According to press reports based on yet more Wikileaks, the US is to press ahead with Sh3.6 billion funding of ‘youth projects’ in Kenya aimed largely at ‘edging out the old leaders’.
A meant-to-be secret letter from US ambassador Michael Ranneberger to Secretary of State Hillary Clinton (but of course secret no longer), said that the embassy was fully behind youth groups whose “ultimate objective is the emergence of alternative political leadership”. Youth groups funded by the US would also be used to promote reforms through “domestically-driven pressure”.
So the US seems to be erring on the side of ‘generational shift’ through “domestically-driven pressure” – domestically driven from the USA that is.
Very much on the ‘generational shift’ side of the argument it would seem was Maina Kiai writing in The Nation. “Power cannot be given; it must be taken … The discourse must draw a clear line and drive the point home that the choice is between the past and the future”, he concluded at the end of a hard-hitting article.
The headline above an article by Professor Egara Kabaji, also writing in The Nation two days later, gave his position away from the outset: ‘We need a generational mix, not shift’.
‘The old guard have not acted alone’, he declared, but have ‘been actively aided by the so-called youthful leaders’, and that, ‘Most of the youth we elect have let Kenyans down’. It is ‘important to think of a generational mix with focus on new ideas in political and economic leadership rather than an empty generation shift that perpetuates the old order’, the good Professor argued. What was needed was ‘visionary leadership’, ‘new systems’ and ‘high-voltage thinking’, something not determined by age. The Prof surely has a point.

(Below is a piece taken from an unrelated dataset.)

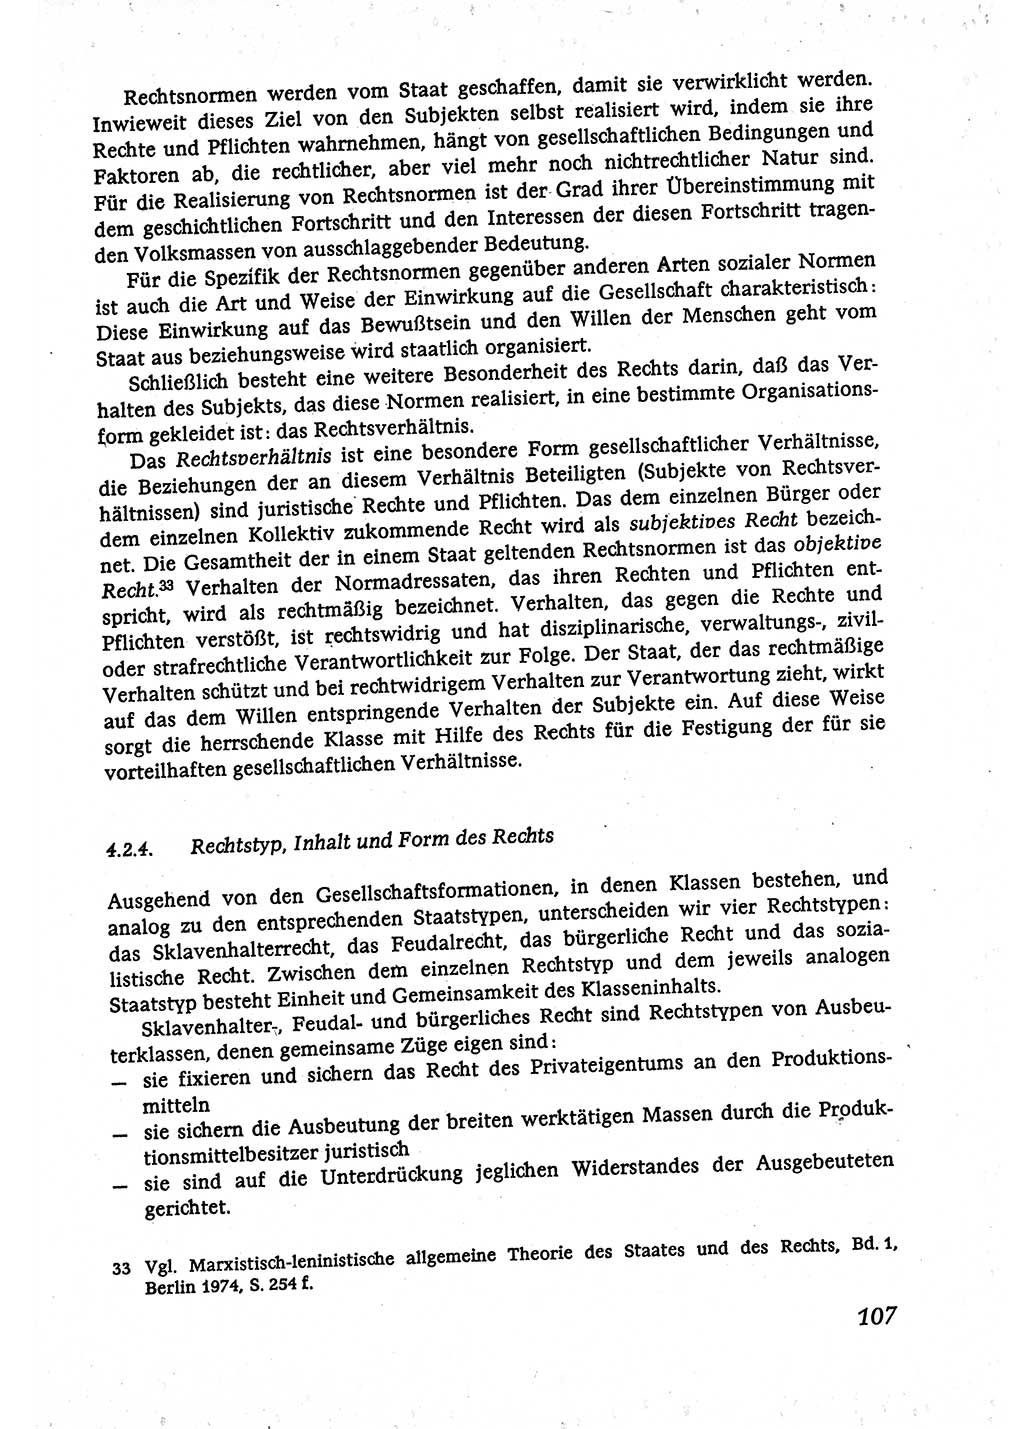 Marxistisch-leninistische (ML) Staats- und Rechtstheorie [Deutsche Demokratische Republik (DDR)], Lehrbuch 1980, Seite 107 (ML St.-R.-Th. DDR Lb. 1980, S. 107)

Michael Ranneberger is no spring chicken and the Forum team don’t know the ages of Mr Kiai and Professor Kabaji but guess they are moving beyond ‘youthful’. So let us leave the last word to someone who is undoubtedly youthful and part of the next generation.
Writing in The Young Kenyan Leader, Joan Wanjiru Njiru who the Forum would guess to be aged 16 or 17 years old judging by her photograph, declared, ‘Africa needs leadership that is for the people… African leaders need to realize that the people’s health is what matters; their education is what is of great importance and decent shelter for them tops the list of priorities. Leadership, whose core is the people, is able to build the Kenya and Africa we want’.
High voltage and visionary Miss Njiru says the Forum. Lead on.